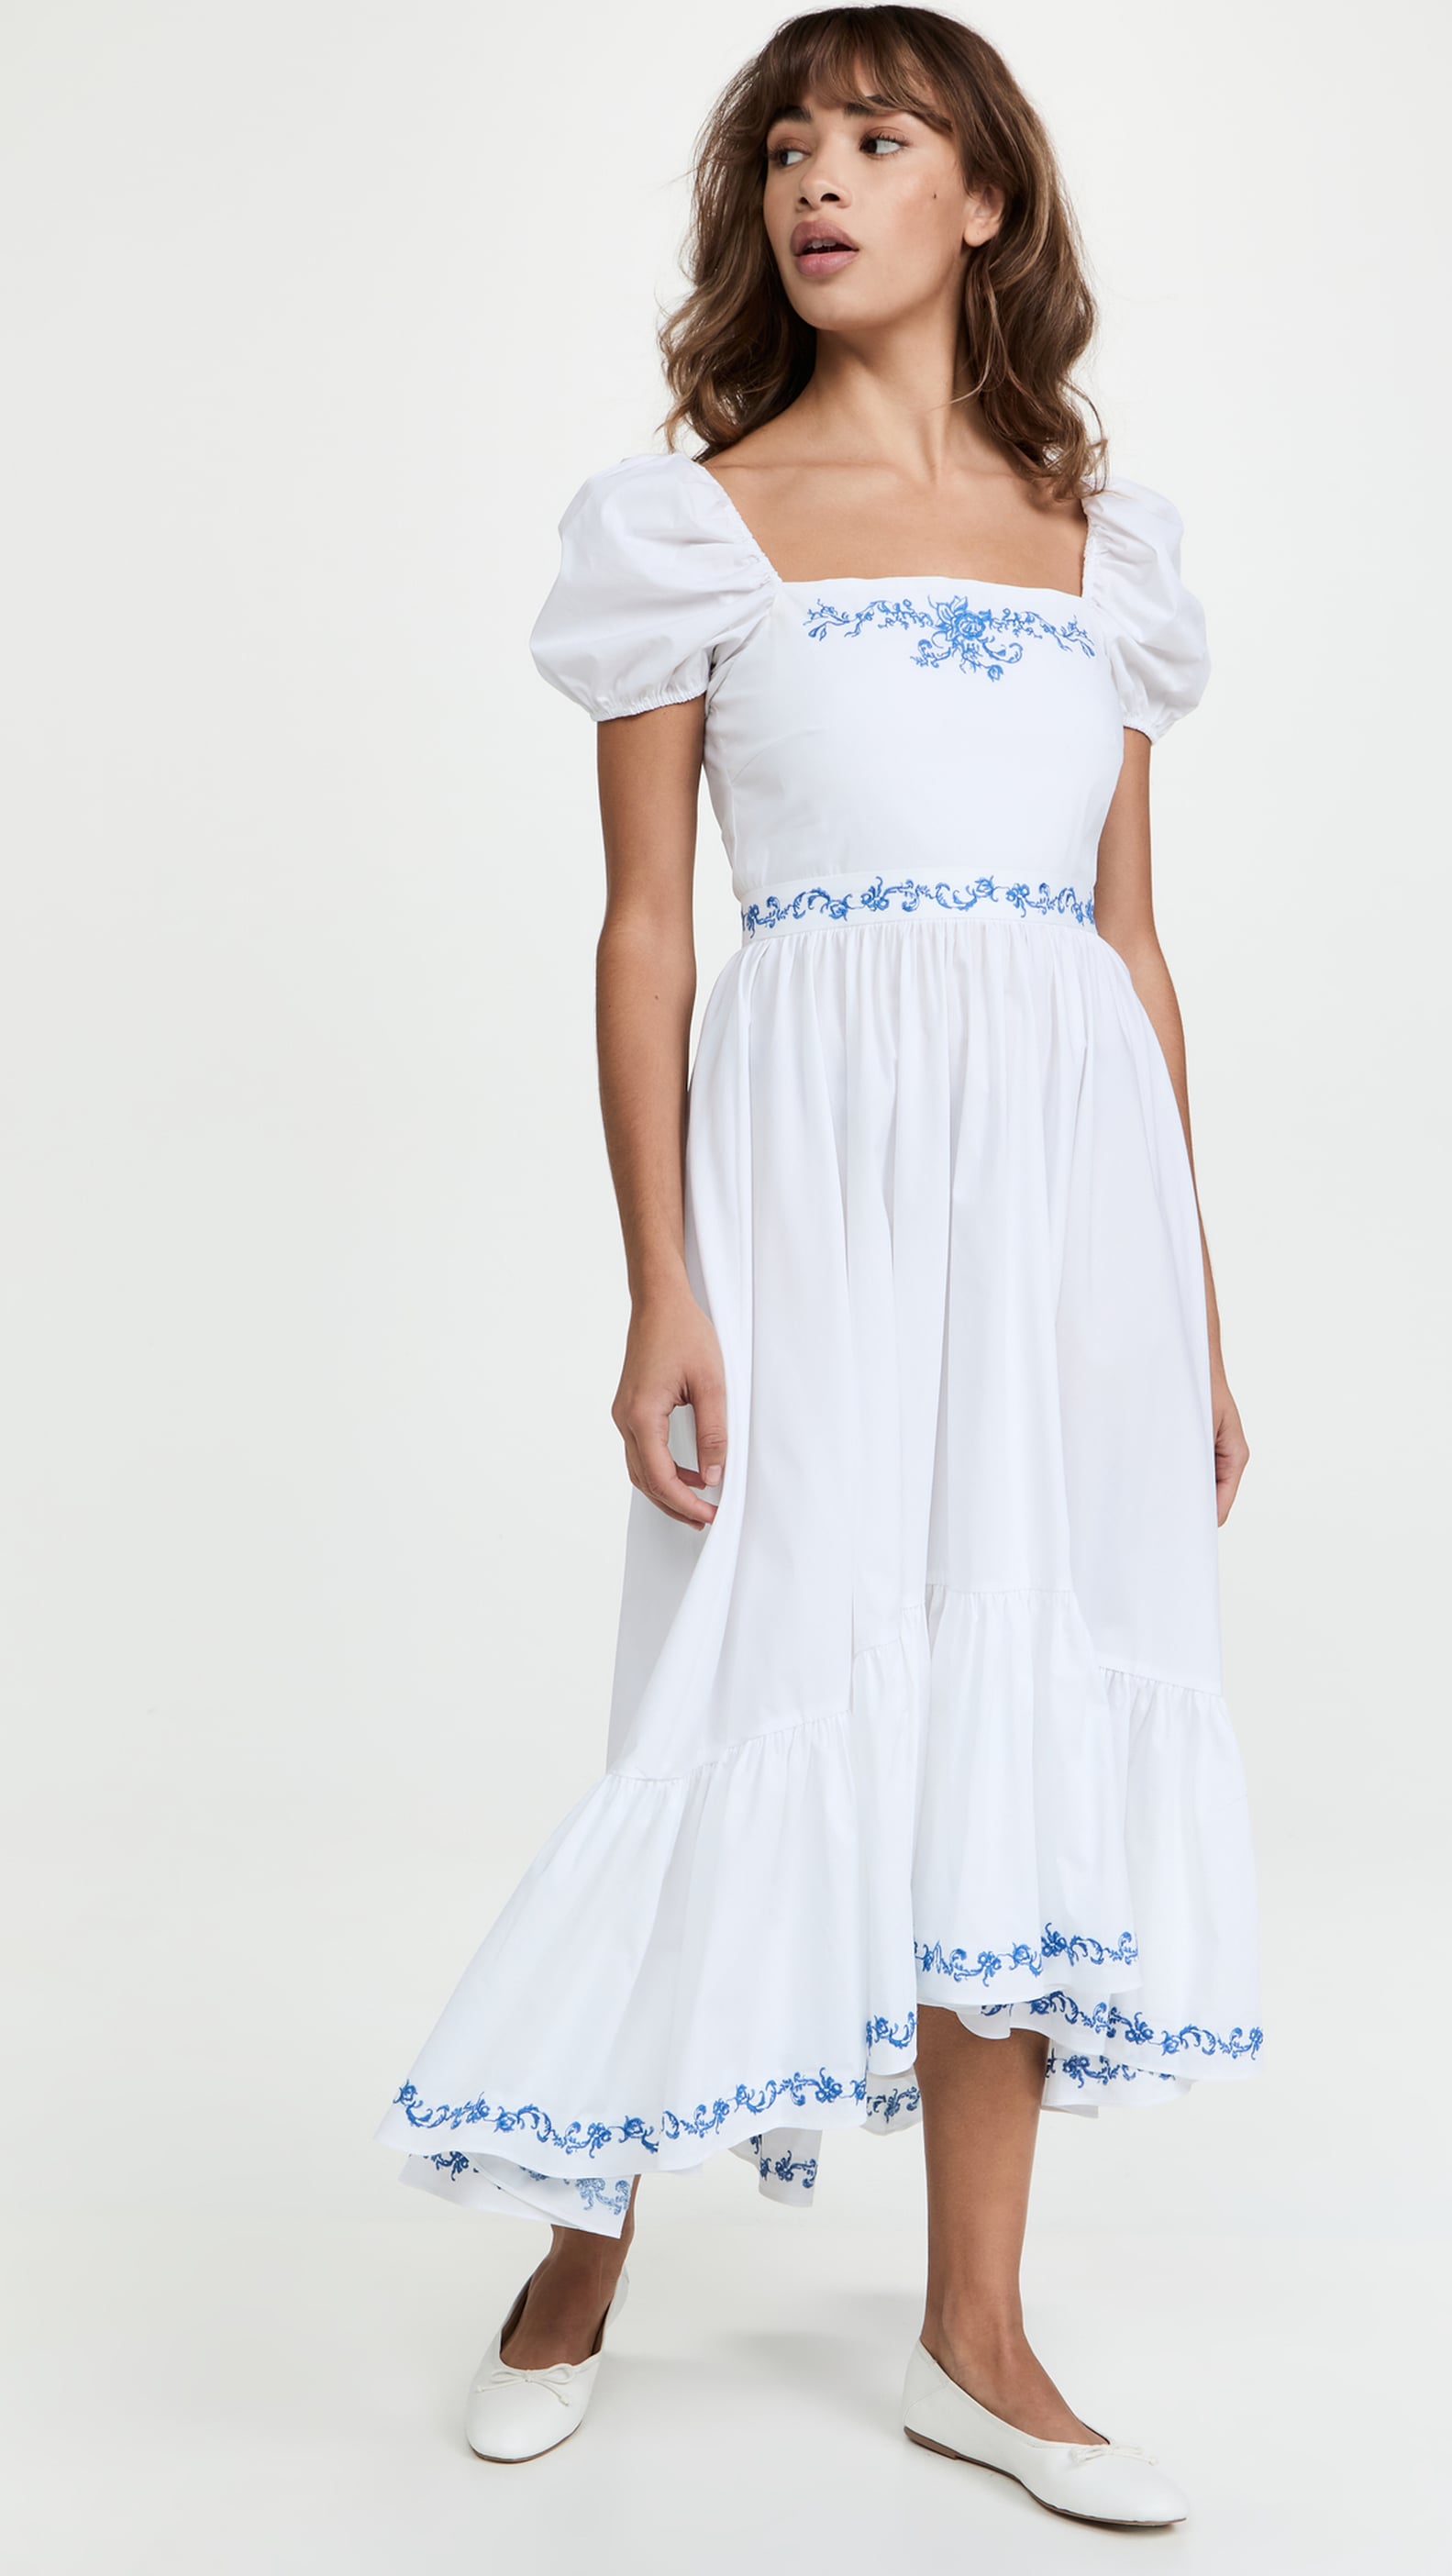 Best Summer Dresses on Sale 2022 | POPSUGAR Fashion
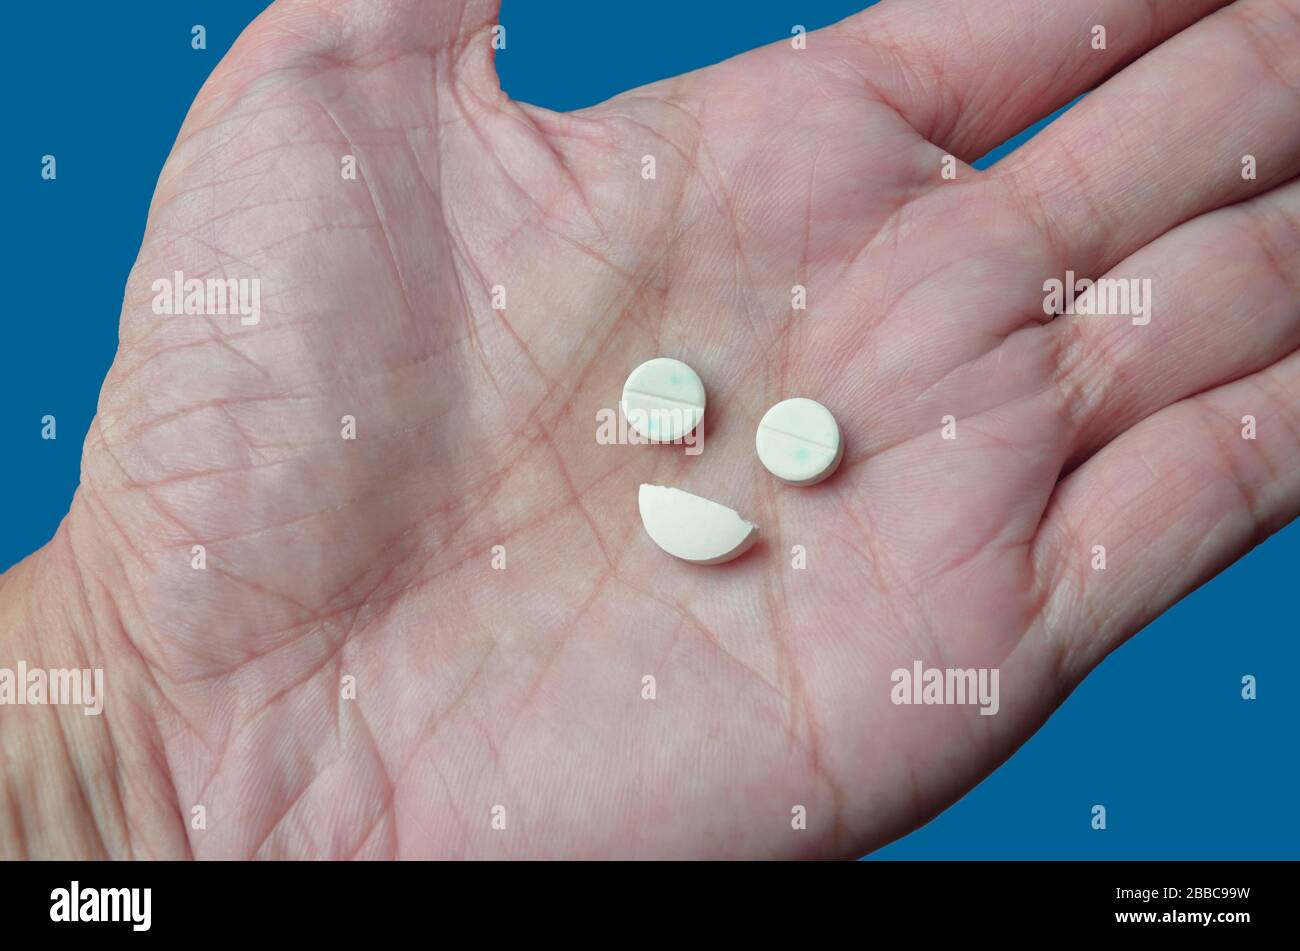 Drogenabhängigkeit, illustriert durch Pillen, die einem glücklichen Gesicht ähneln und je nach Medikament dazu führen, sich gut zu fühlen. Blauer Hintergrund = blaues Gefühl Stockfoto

...

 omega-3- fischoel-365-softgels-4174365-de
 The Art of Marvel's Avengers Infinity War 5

--

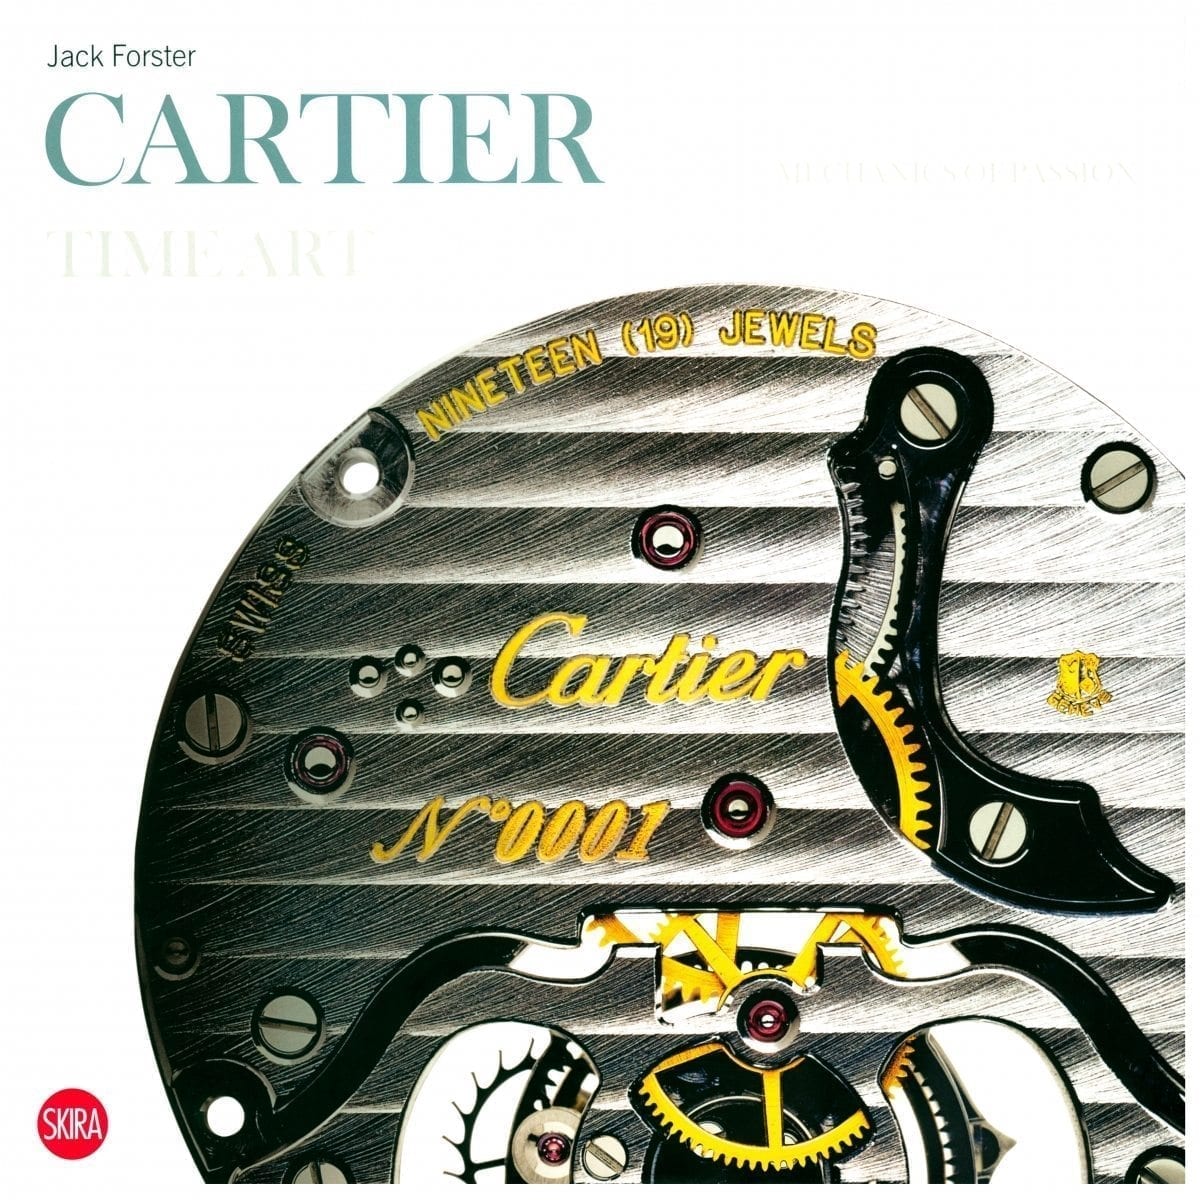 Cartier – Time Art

**Required work**
Within the material above, transcribe exactly the lines that run from the line holding "omega-3- fischoel-365-softgels-4174365-de" through the line holding "The Art of Marvel's Avengers Infinity War 5".

**Result for this task**
 omega-3- fischoel-365-softgels-4174365-de
 The Art of Marvel's Avengers Infinity War 5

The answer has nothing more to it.